Desde la perspectiva fisiológica el aborto es ovular si ocurre en el primer mes de embarazo, es embrionario si se presenta entre el segundo y el tercer mes, y fetal a partir del cuarto mes.

De lo antes expuesto se deduce que el aborto puede ser accidental y por situaciones ajenas a la voluntad de la madre. Tenemos el espontáneo, que ocurre de forma natural y que también podría estar asociado a problemas de salud recurrentes de la embarazada. También está el terapéutico, que es cuando se interrumpe el proceso de la concepción, porque de continuar su desarrollo podría causarle la muerte a la madre o ambos morirán de todos modos. Y finalmente, el aborto criminal, que es el realizado con la intencionalidad manifiesta sin fines médicos o terapéuticos.
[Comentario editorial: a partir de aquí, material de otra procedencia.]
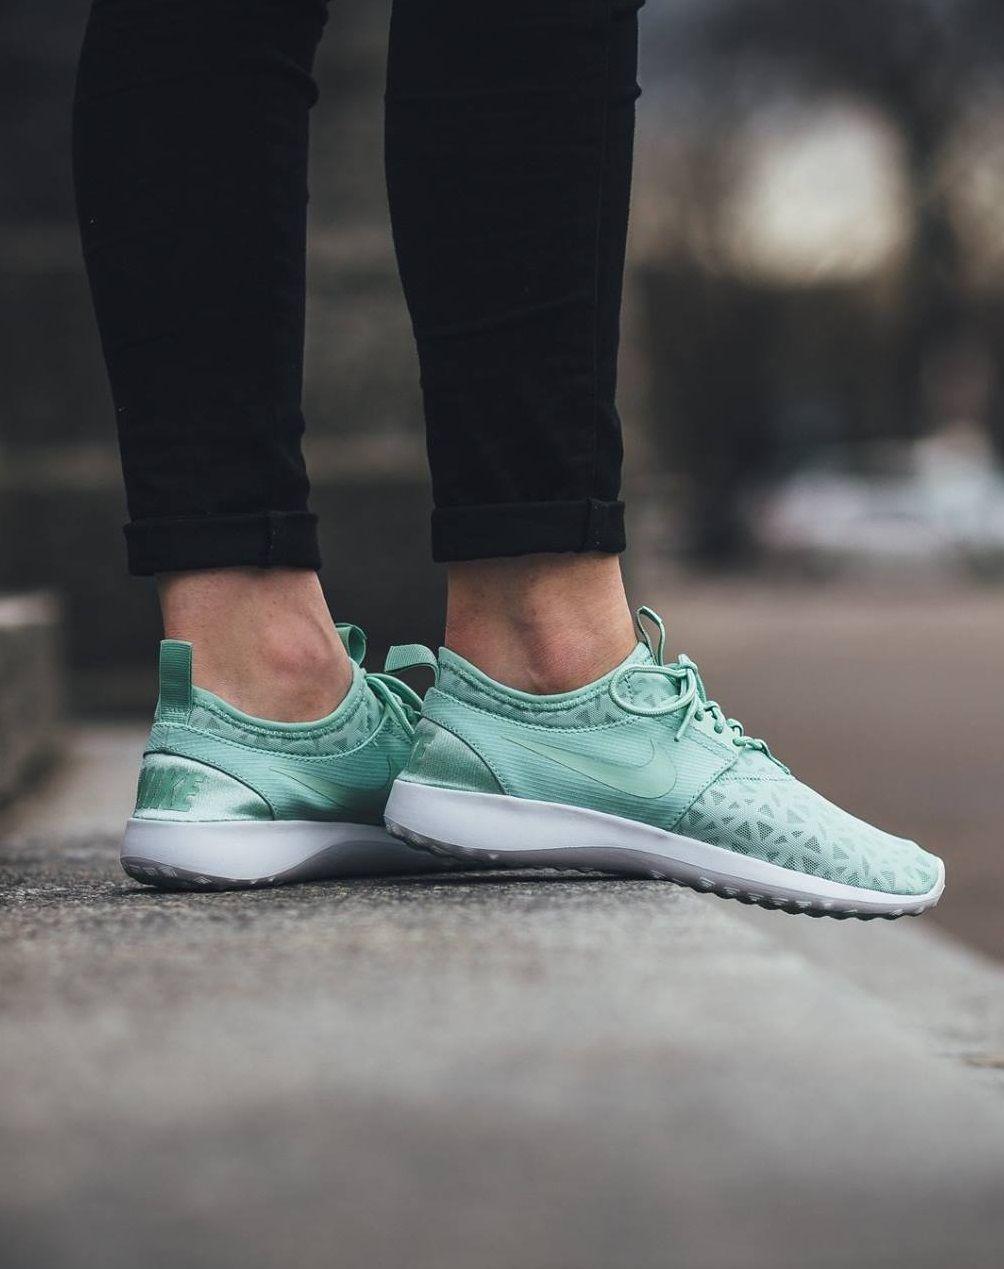 Nike Wmns Juvenate: Enamel Green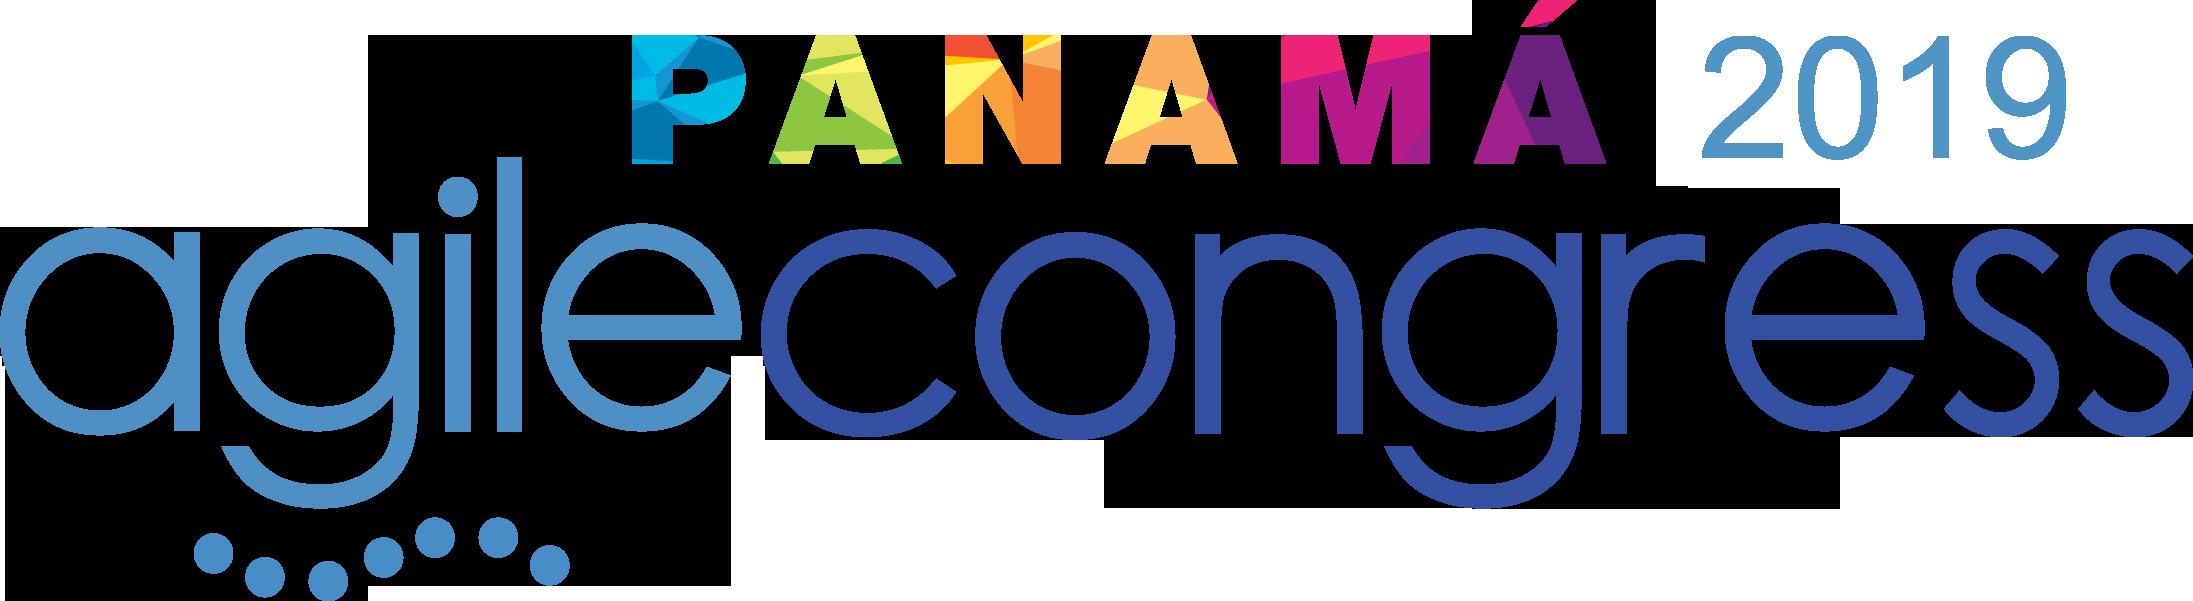 Panama Agile Congress – Tercer Congreso de Innovación y Agilidad en Panama – Scrum y Design Thinking

Este delito es contra el embrión o feto y por su naturaleza pone en peligro los siguientes bienes jurídicos que protege la ley: la vida del que está por nacer, el interés del Estado en la natalidad, y la salud y vida de la madre embarazada.


Nuestro Código Penal castiga la práctica del Aborto bajo las siguientes premisas:
T Quien lo provoque con el consentimiento de la madre: La madre autoriza a otra persona que le interrumpa el embarazo, dicha persona puede ser cualquiera, inclusive un médico o sanitario. En esta situación tanto la madre como el que lo realizó serán condenados a pena de prisión.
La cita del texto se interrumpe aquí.